Licensing Act 1904
- Parliament of the United Kingdom
- Long title: An Act to amend the Licensing Acts, 1828 to 1902, in respect to the extinction of Licences and the grant of new Licences.
- Citation: 4 Edw. 7. c. 23
- Territorial extent: England and Wales

Dates
- Royal assent: 15 August 1904
- Commencement: 1 January 1905
- Repealed: 1 January 1911

Other legislation
- Amends: Wine and Beerhouse Act 1869; Wine and Beerhouse Amendment Act 1870;
- Repealed by: Licensing (Consolidation) Act 1910

Status: Repealed

Text of statute as originally enacted

= Licensing Act 1904 =

Act of the Parliament of the United Kingdom

The Licensing Act 1904 (4 Edw. 7. c. 23) was a controversial act of the Parliament of the United Kingdom regulating the closure of public houses (pubs) in England and Wales. It was introduced by the Home Secretary, supported by Prime Minister Arthur Balfour and passed by his Conservative Party.

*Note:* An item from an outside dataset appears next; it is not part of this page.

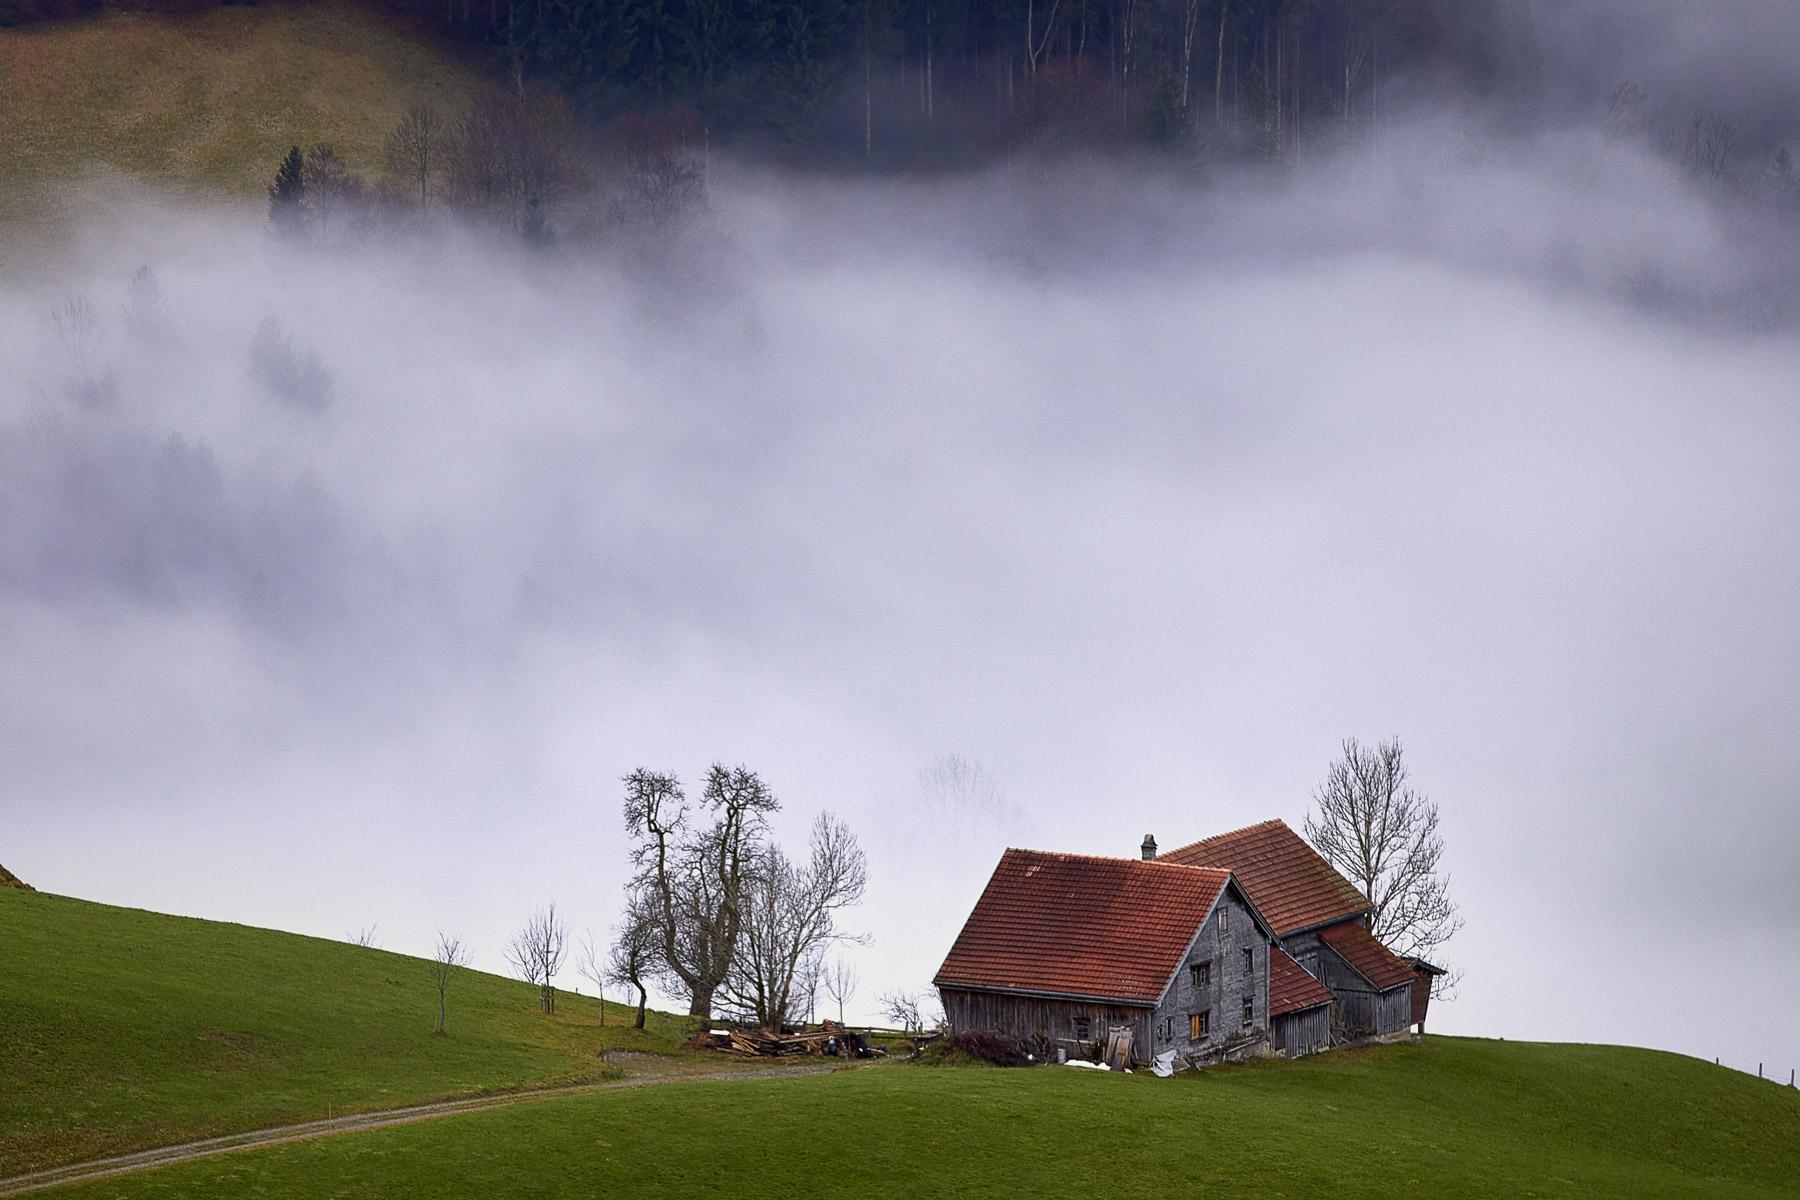 Appenzell Wohnhaus Nebel

The issue helped the Liberal Party win the 1906 United Kingdom general election by a landslide. The Licensing Act 1904 aimed to reduce the number of pubs. It proposed to compensate brewers for the cancellation of their licence, through a fund the brewers themselves would have to pay into. This led many Nonconformists who adhered to temperance (see United Kingdom Alliance) to denounce it as a "brewers' bill". Meanwhile, the brewers themselves were generally dissatisfied, and they let their customers know.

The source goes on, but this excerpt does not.